When the data below is printed, every line must match exactly and the images must be absent.
======== DATA SECTION ========
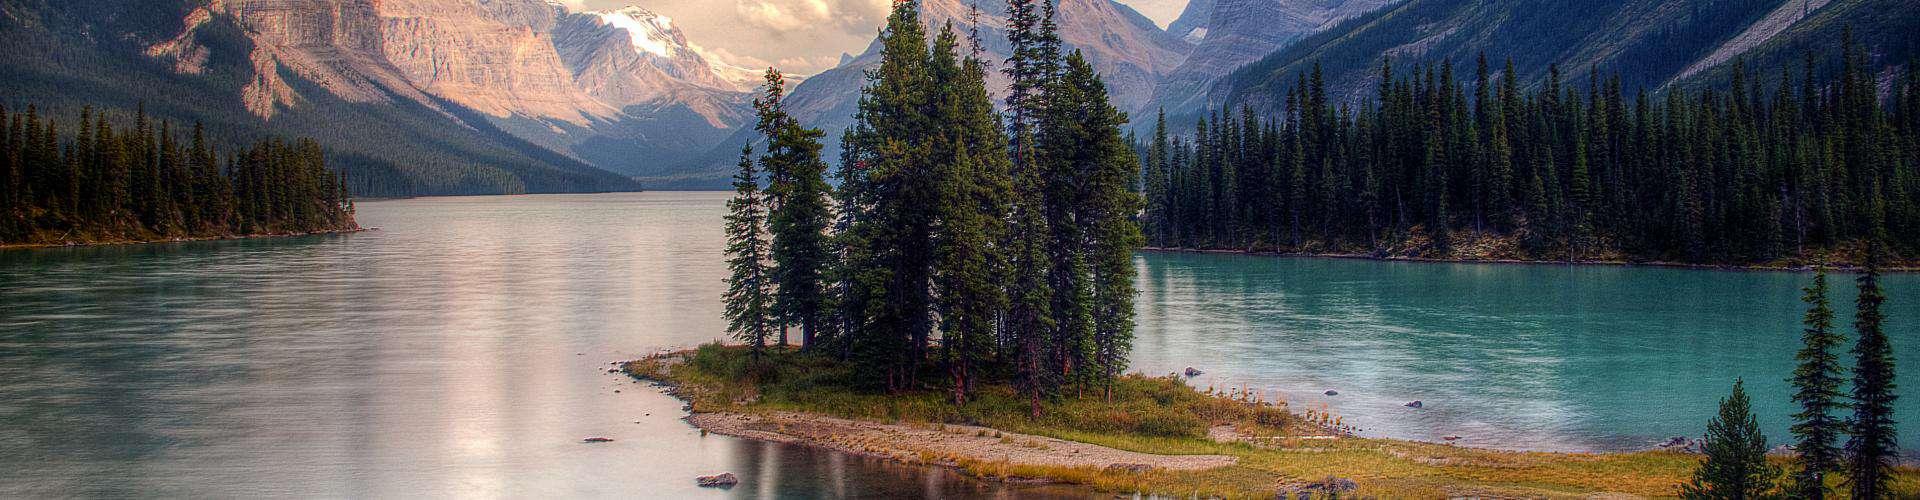 Jasper National Park, Canada - Risskov Rejser
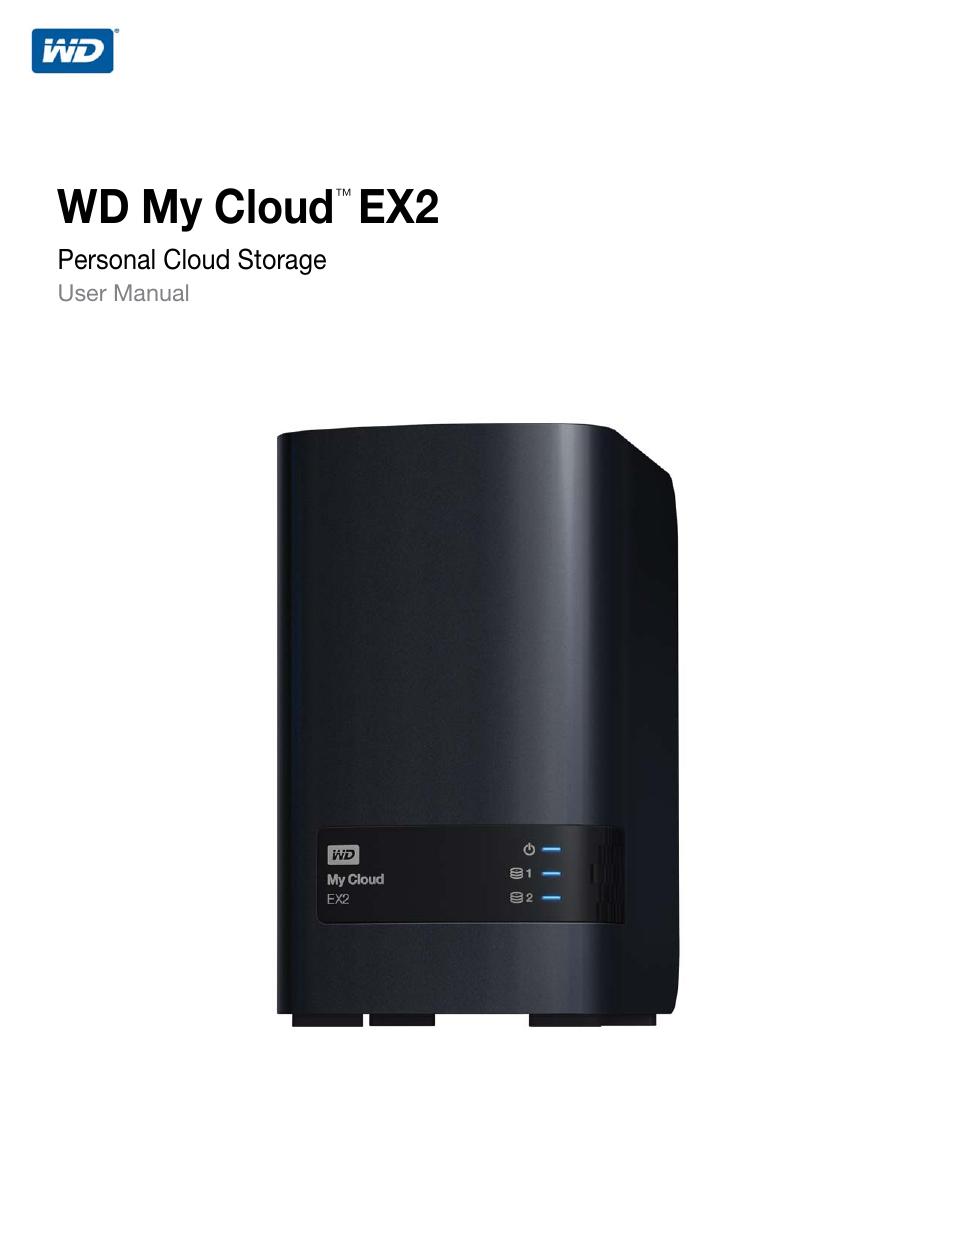 wd my cloud setup guide
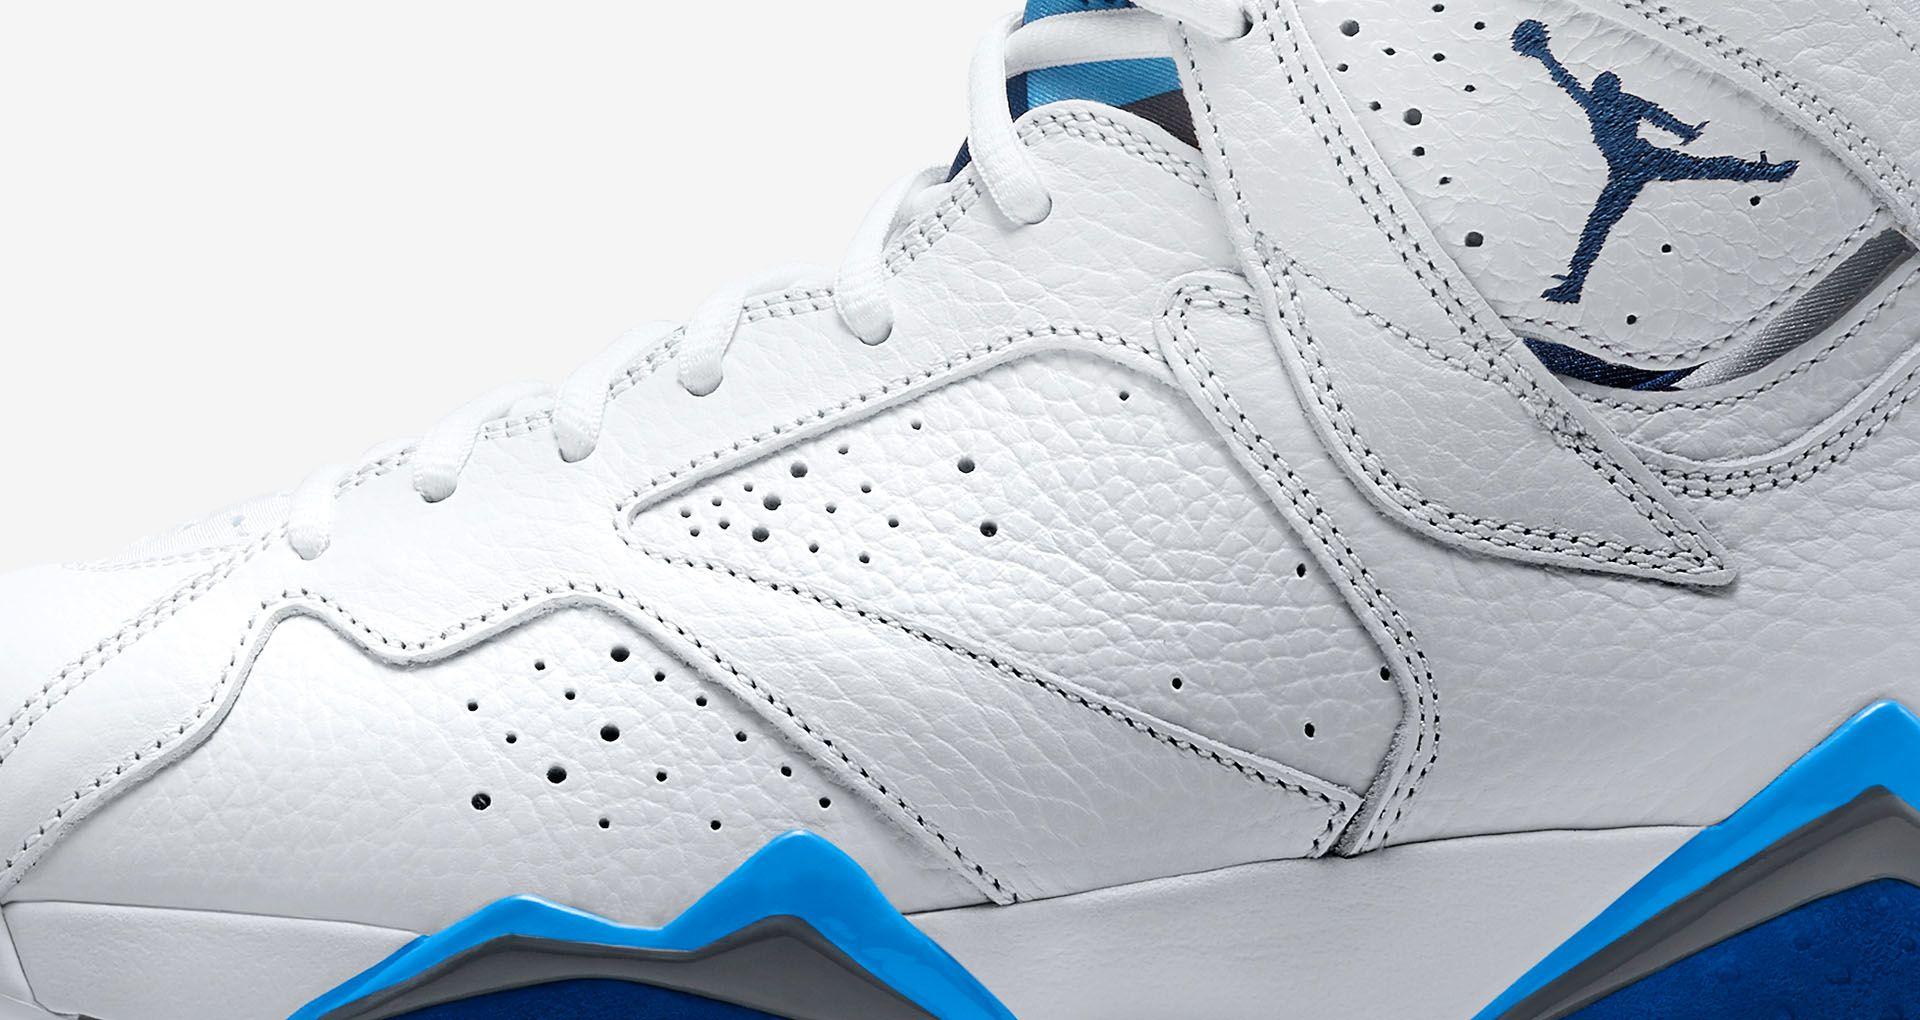 76861edcd87 Air Jordan 7 Retro 'French Blue'. Nike+ SNKRS
========
SOLUTION TO THE PROBLEM:
 Jasper National Park, Canada - Risskov Rejser
 wd my cloud setup guide
 76861edcd87 Air Jordan 7 Retro 'French Blue'. Nike+ SNKRS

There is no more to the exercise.